🤖 AI Summary
To address the high cost and low efficiency of onboard data collection, this paper proposes a novel high-fidelity view synthesis paradigm bridging the infrastructure view to the vehicle view. We introduce the first Gaussian splatting–based cross-view generation framework, integrating adaptive depth warping, cascaded image inpainting, and diffusion modeling, augmented by a cross-view confidence-guided optimization mechanism to ensure multi-view consistency and joint geometric-appearance fidelity. To support training and evaluation, we construct RoadSight—the first real-world, multimodal, multi-view dataset for road场景 understanding. Experiments demonstrate that our method outperforms StreetGaussian by 45.7%, 34.2%, and 14.9% on NTA-IoU, NTL-IoU, and FID, respectively, significantly enhancing synthetic data quality and downstream task utility.
📝 Abstract
Vast and high-quality data are essential for end-to-end autonomous driving systems. However, current driving data is mainly collected by vehicles, which is expensive and inefficient.

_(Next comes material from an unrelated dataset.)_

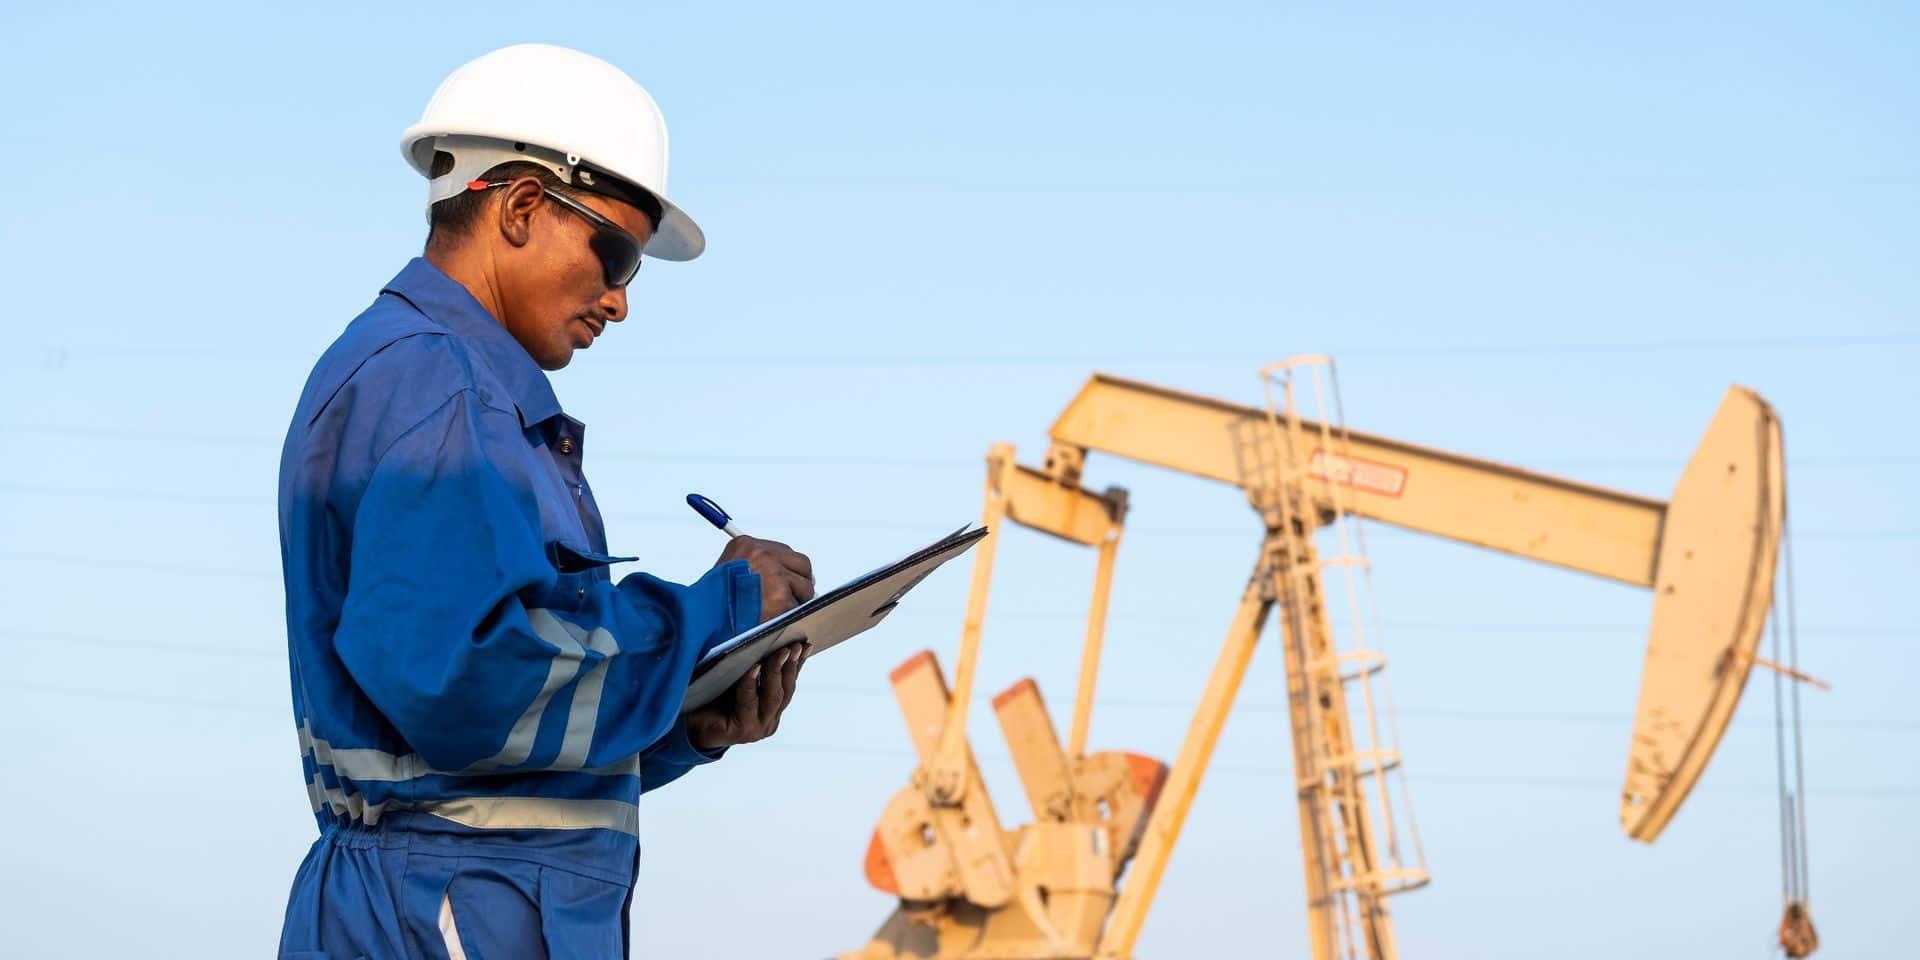 Des accords définitifs ont été signés entre Total, CNOOC et les gouvernements ougandais et tanzanien en vue de la construction de l'East African Crude Oil Pipeline (Eacop).

A potential solution lies in synthesizing data from real-world images. Recent advancements in 3D reconstruction demonstrate photorealistic novel view synthesis, highlighting the potential of generating driving data from images captured on the road. This paper introduces a novel method, I2V-GS, to transfer the Infrastructure view To the Vehicle view with Gaussian Splatting. Reconstruction from sparse infrastructure viewpoints and rendering under large view transformations is a challenging problem. We adopt the adaptive depth warp to generate dense training views. To further expand the range of views, we employ a cascade strategy to inpaint warped images, which also ensures inpainting content is consistent across views. To further ensure the reliability of the diffusion model, we utilize the cross-view information to perform a confidenceguided optimization. Moreover, we introduce RoadSight, a multi-modality, multi-view dataset from real scenarios in infrastructure views. To our knowledge, I2V-GS is the first framework to generate autonomous driving datasets with infrastructure-vehicle view transformation. Experimental results demonstrate that I2V-GS significantly improves synthesis quality under vehicle view, outperforming StreetGaussian in NTA-Iou, NTL-Iou, and FID by 45.7%, 34.2%, and 14.9%, respectively.